Our FCG sort of does this bobbleheaded sway back - meaning her head leans way back when the arms are going up.

Is it purely trial and error - or can someone provide some basic hints on properly stringing up the fcg to the pullys and motor?

Thanks!


----------



## jrzmac (Aug 22, 2006)

in the frame you built, are the arms pointing forward? if so they should be pointing back. we had this discussion last year and found out a lot of us has this backwards also.


----------



## edwood saucer (Aug 21, 2006)

Wow that was easy and looks great now... Thanks!


----------



## jrzmac (Aug 22, 2006)

should go straight up and down now right !!!!! if you go buy "kick the fogs" how to, his arm's are forward. 
 
The original has it right though


----------



## edwood saucer (Aug 21, 2006)

You know what - once I hung them - I wasnt following any pictures - just sort of eyed the strings - it was only after bending the arms back per your post did she work right.

Once I got this done - I realized I probably spent $100 on the thing.


----------



## HibLaGrande (Sep 25, 2005)

I did mine by trial and error. it all depends on arm length and sting. my pully arms are out at about 45° angles. It took almost as long to get it weighted and moving right as it did to build it.


----------



## edwood saucer (Aug 21, 2006)

When you said weighted and moving right, Hib, what are some of the things you did?

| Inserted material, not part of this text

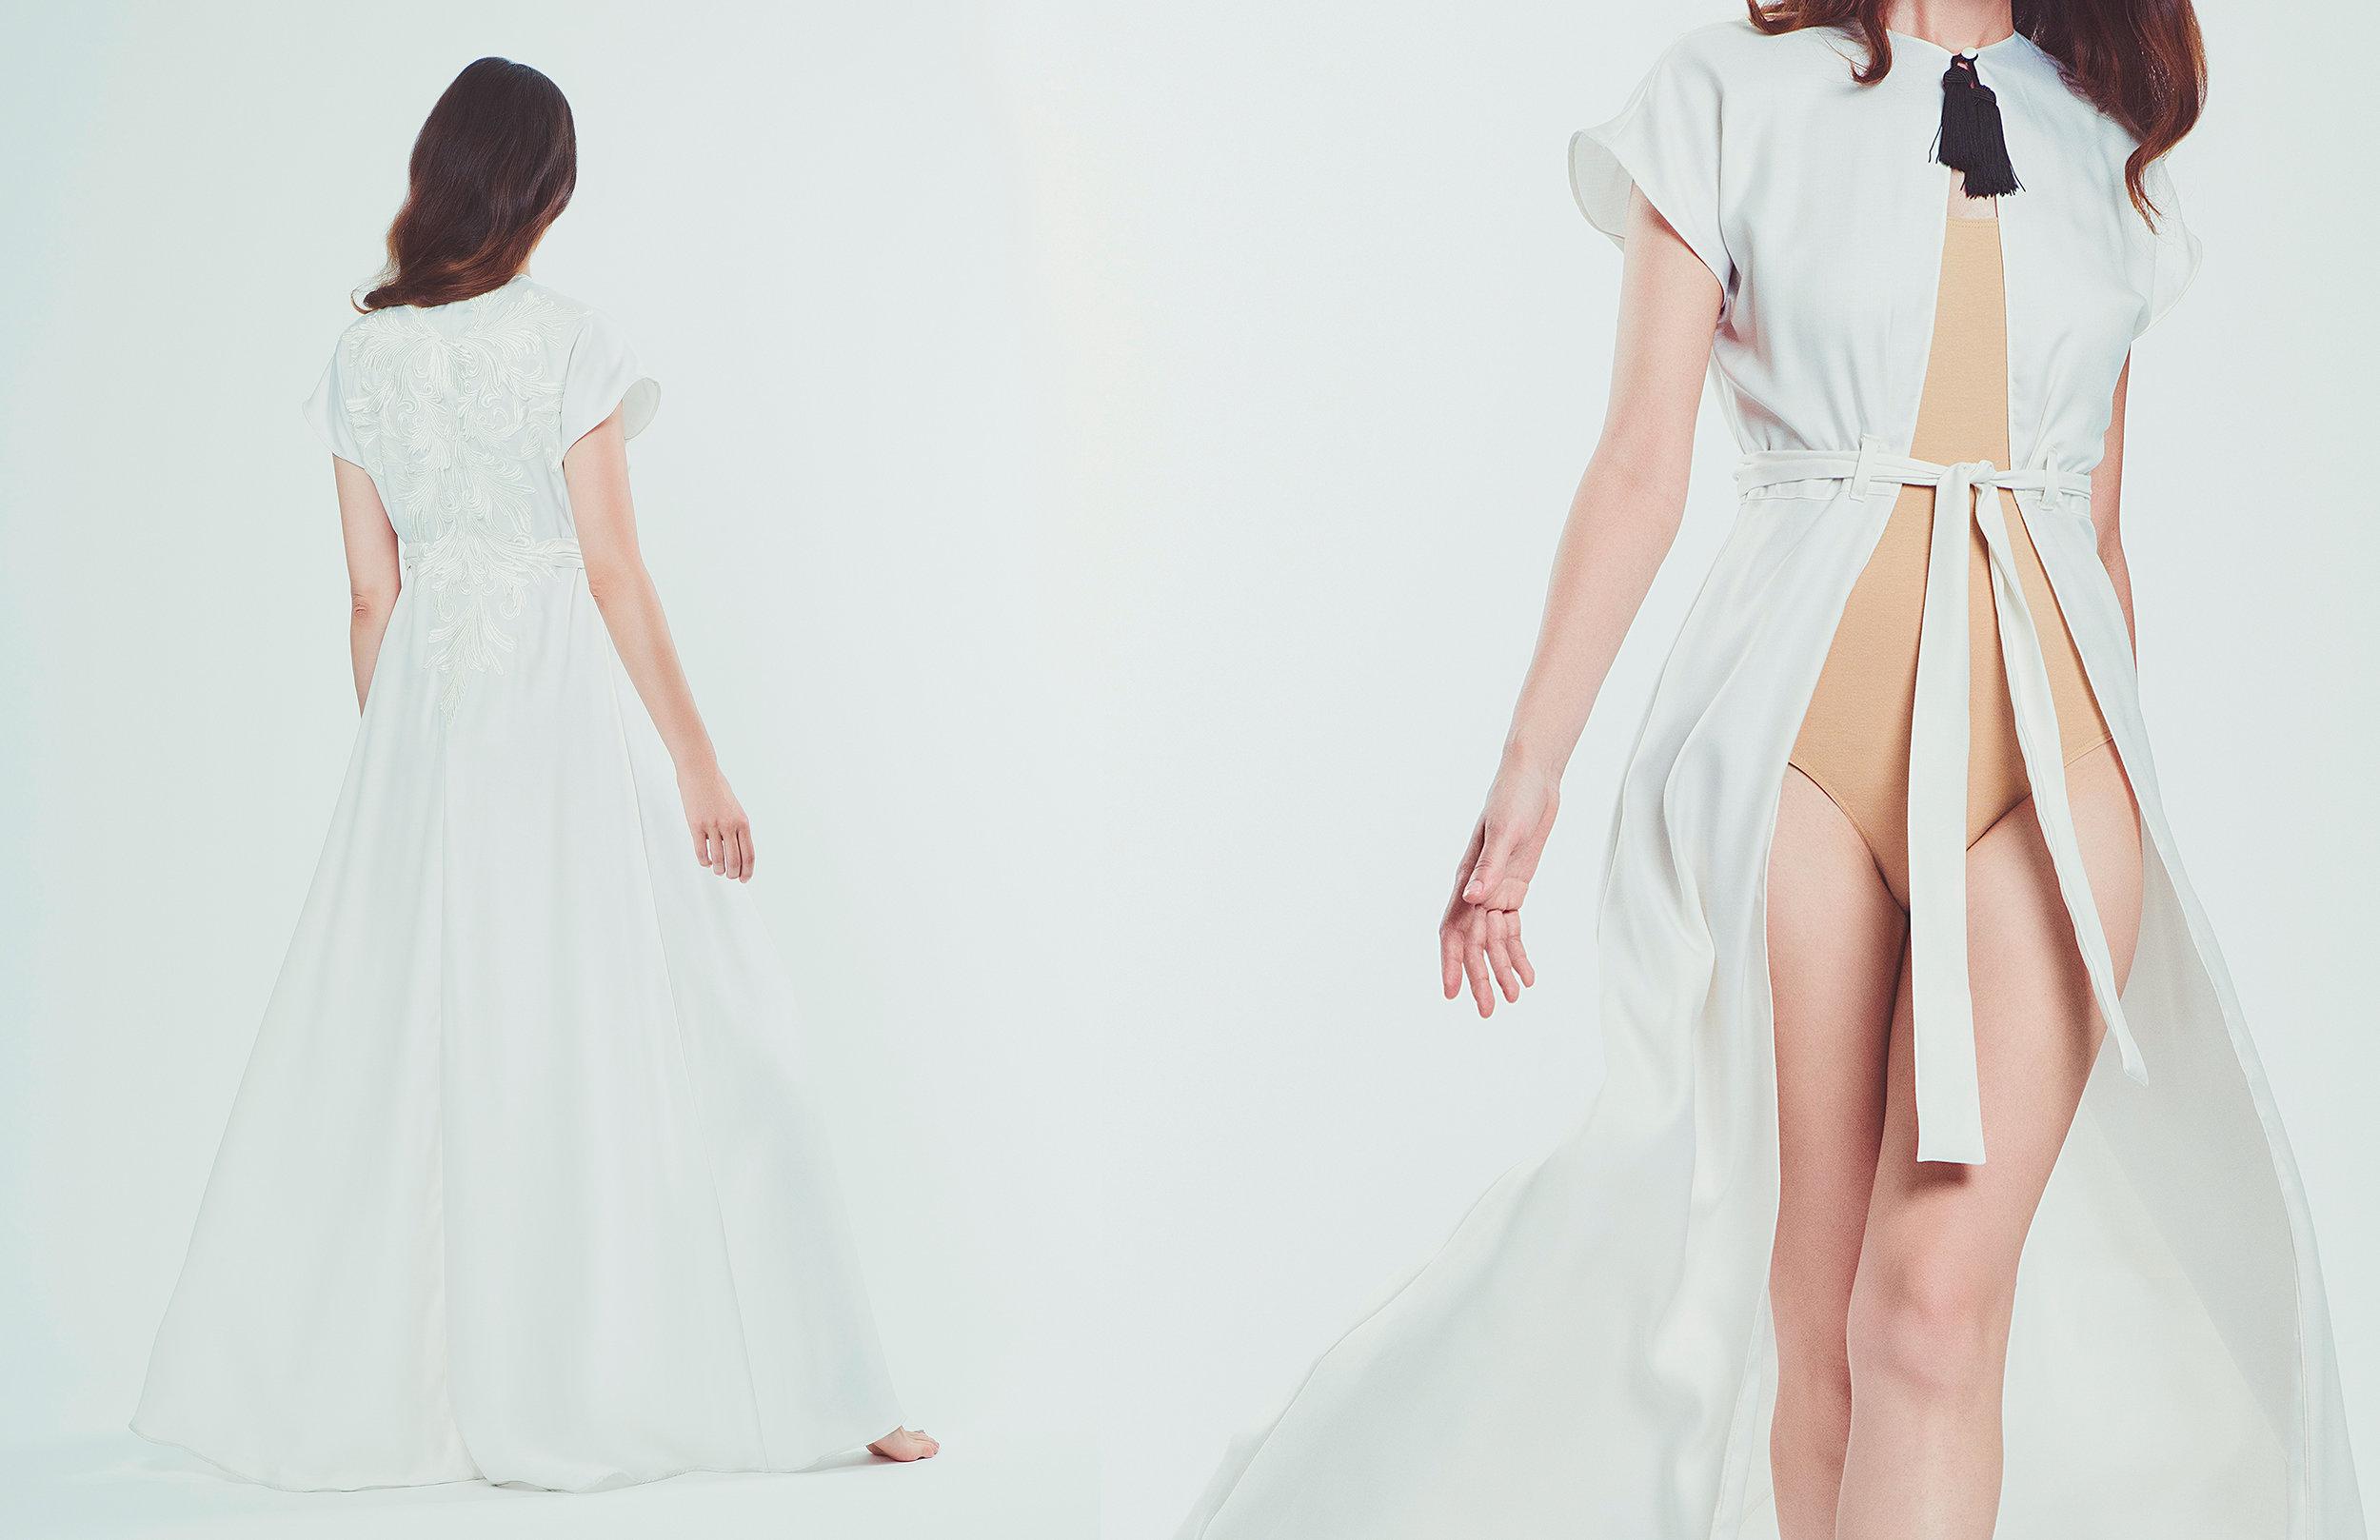 dressing gownM.jpg

Mine still moves sort of herky jerky... one thing I'm going to do is replace the fender washer with the screen door roller.

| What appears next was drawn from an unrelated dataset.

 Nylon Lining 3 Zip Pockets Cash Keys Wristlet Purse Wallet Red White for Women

Also - Mine line kept catching until I bent the arm attached to the motor down a bit.


----------



## HibLaGrande (Sep 25, 2005)

I have a counter balance weight that hooks to the head and runs out the back. you can see the ziploc bag with a D battery and other stuff hanging in the background. also fishing weights are in each hand. the big weight helps with lifting the body. and the weights in the hands help the arms to teeter totter. weight in the left hand helps raise right hand and visa-versa while helping lift the body as well.


----------



## Richie (Jan 4, 2007)

Damn, that's a very nice looking skeleton. I should have purchased a couple of those.


----------



## edwood saucer (Aug 21, 2006)

Not discounting the work at all - but isn't that a corpsified blucky? If so Richie - you can find them in stores and modify it to look really cool yourself.


----------



## HibLaGrande (Sep 25, 2005)

yep, its a worked over blucky body and arms, bucky hands and a styrofoam skull from Big-Lots. it's heavy and the wiper motor barely has enough butt , at low speeed, to run it even with the dc motor controler.


----------